I had the opportunity to present a session on Speech Recognition for Windows Phone while at That Conference in Wisconsin Dells in early August. The session was well received and there was a lot of excitement among those that attended, so I promised them that I would provide an online walk through of the session, along with the sample code that was used for demo purposes. The slides are available on my Slideshare account, and the demo project is available in Git.

Why?

Before digging into the “how-to”, I wanted to touch on why it would be ideal to integrate speech into your mobile apps, regardless of platform. When posed with this question, the three main reasons that my fellow developers mentioned were:

Safety (ex: prevent distracted driving),
Accessibility (ex: to accommodate those with visual impairments or reading disabilities), and
Ease of use

And as one very bright young lady mentioned during my presentation, speech makes your apps seem really, really cool! I wholeheartedly agree with that! Developing an app that users can “talk” to will keep them engaged because your app is easy to use. And with the popularity of Cortana on Windows Phone devices, users are now expecting to have voice commands integrated into their apps. Period. No ifs, ands, or buts about it!

How?

In Windows Phone apps, speech recognition is extremely easy to implement, and to prove it, I am going to walk through the steps on how you can incorporate speech into your app quickly and easily!

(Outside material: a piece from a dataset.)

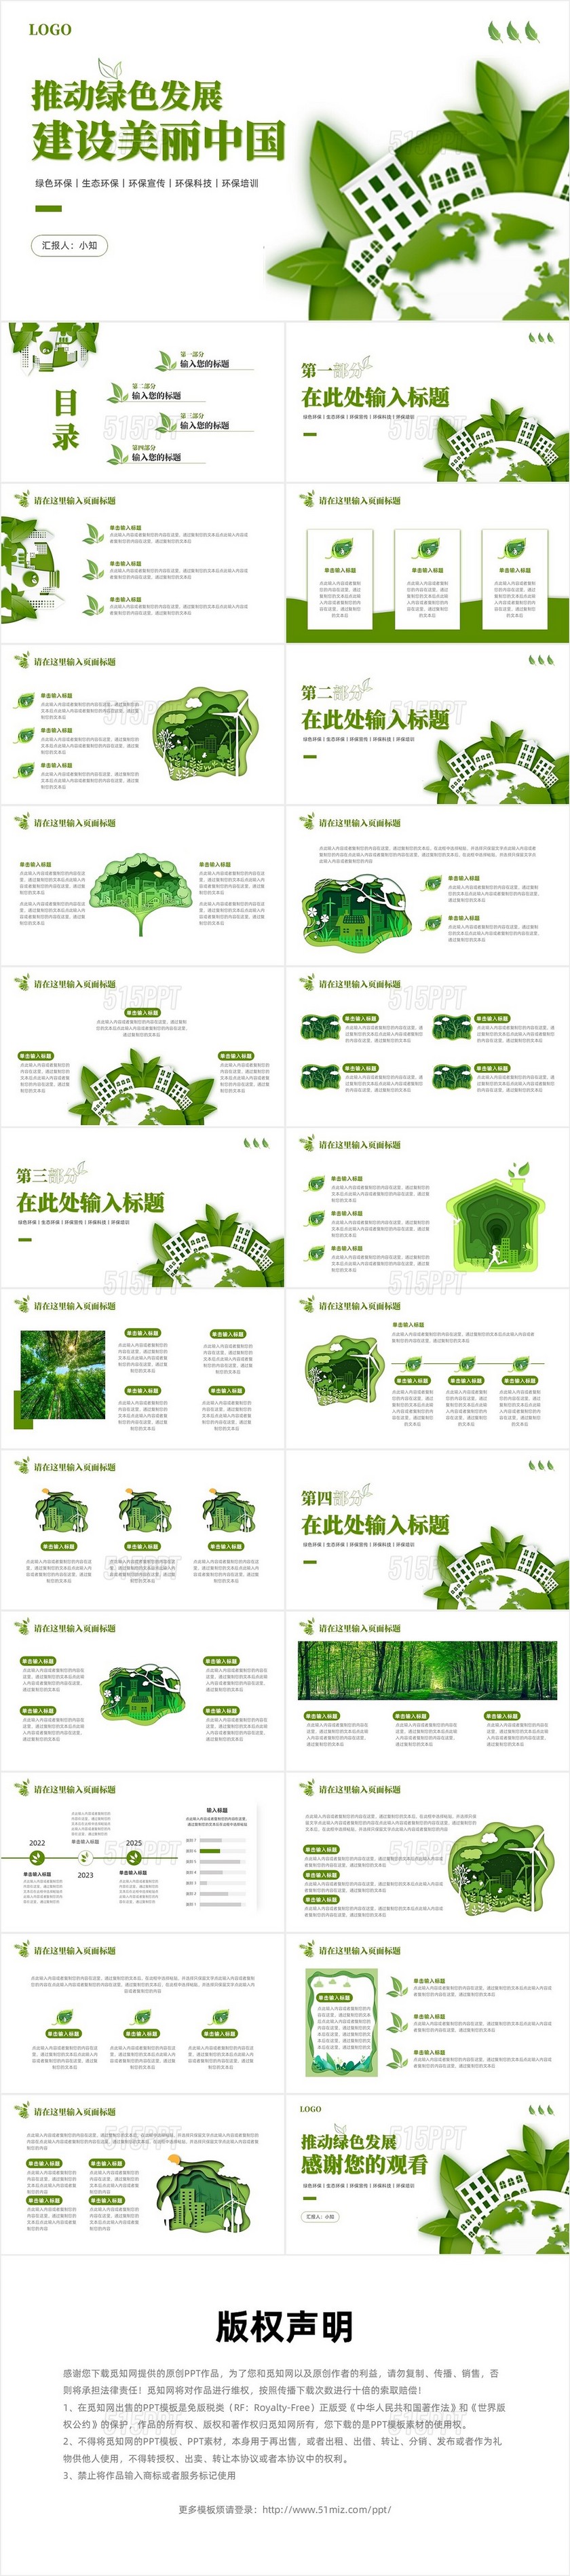 绿色简约剪纸推动绿色发展建设美丽中国PPT模板环保

There are 3 ways to incorporate speech in a Windows Phone 8.1 app:

Voice Commands
Text-To-Speech
Speech Recognition

Today, we will dig into voice commands - what they are and how you can create an app that leverages voice commands with some configuration and very little code on your part.

Voice Commands

Voice commands enable a user to launch your app, and/or navigate directly to a page within your app using a word or phrase.

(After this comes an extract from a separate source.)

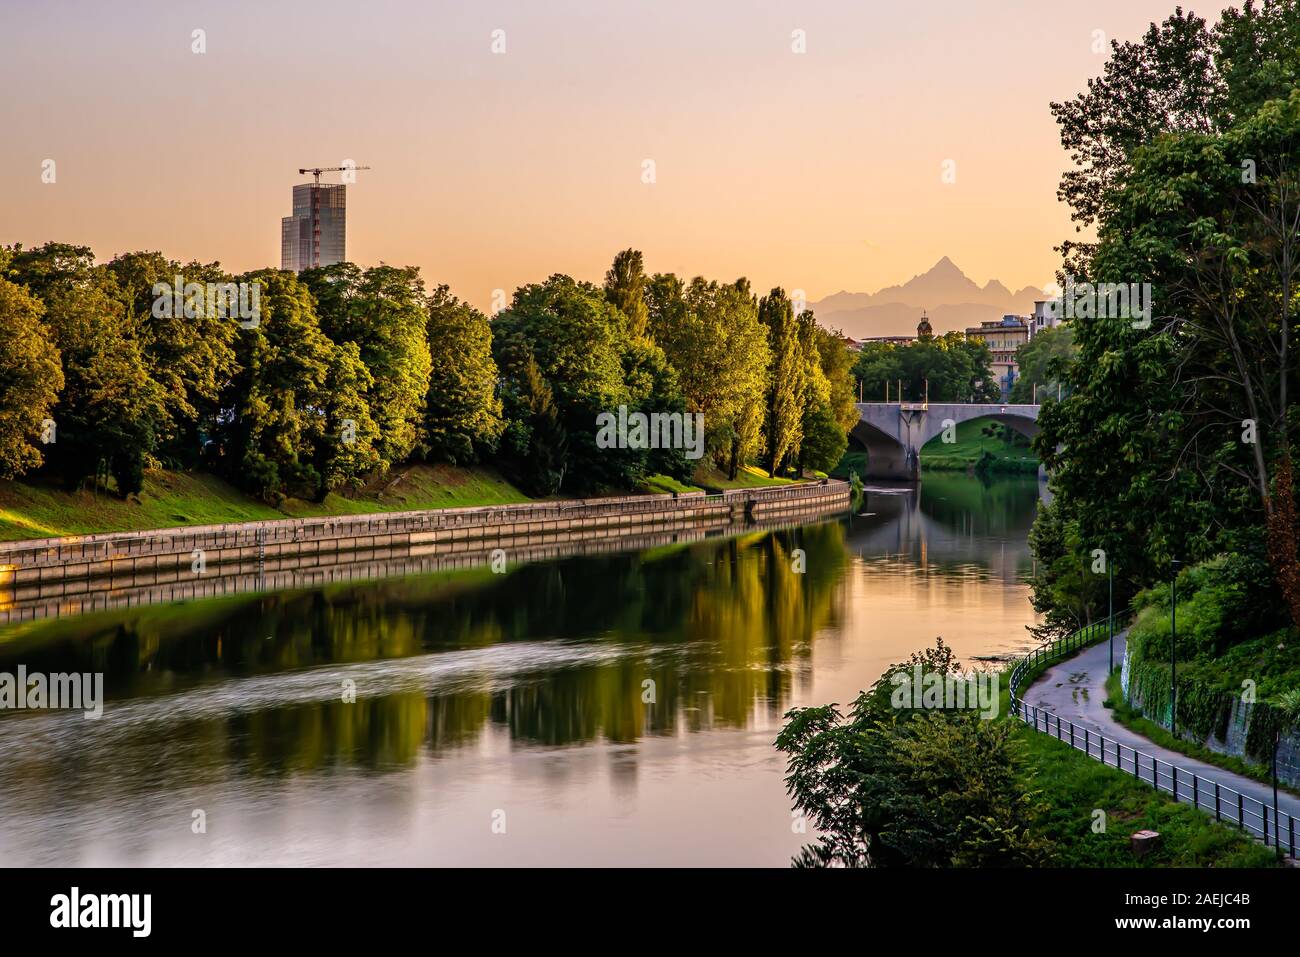 Torino di notte. La prima capitale del regno d'Italia mostra le sue bellezze, le sue storiche piazze e tramonti sul fiume Po Foto Stock

In Windows Phone 8.1 (XAML based or Silverlight), this requires the following 4 steps:

Add the Microphone capability
Add a Voice Command Definition file
Install the Voice Command Sets
Handle navigation accordingly

Step 1 - Add the Microphone capability

In order to use device features or user resources within your app, you must include the appropriate capabilities. Failing to do so will result in an exception being thrown at run-time when the app attempts to access them.

Voice commands require the use of the device’s microphone. To add this capability in your app, simply double-click on the application manifest file, Package.appxmanifest, in the Solution Explorer. Click on the Capabilities tab, and ensure that Microphone is checked within the list, as shown below.

To learn more about Windows Runtime capabilities, check out Microsoft’s Windows Dev Center article, App capability declarations (Windows Runtime apps).

Step 2- Add the Voice Command Definition file

The next step is to define the types of commands your app will recognize. This is accomplished using a Voice Command Definition (VCD) File. The VCD file is simply an XML file.

Voice commands allow you to launch your app by speaking the app name followed by a pre-defined command (ex: “Dear Diary, add a new entry”).

By default, all apps installed on a Windows Phone device recognize a single voice command whether the app is configured to recognize voice commands or not. You can launch an app on Windows Phone 8.1 device by telling Cortana to “open” or “start” an app by name (ex: “open Facebook”).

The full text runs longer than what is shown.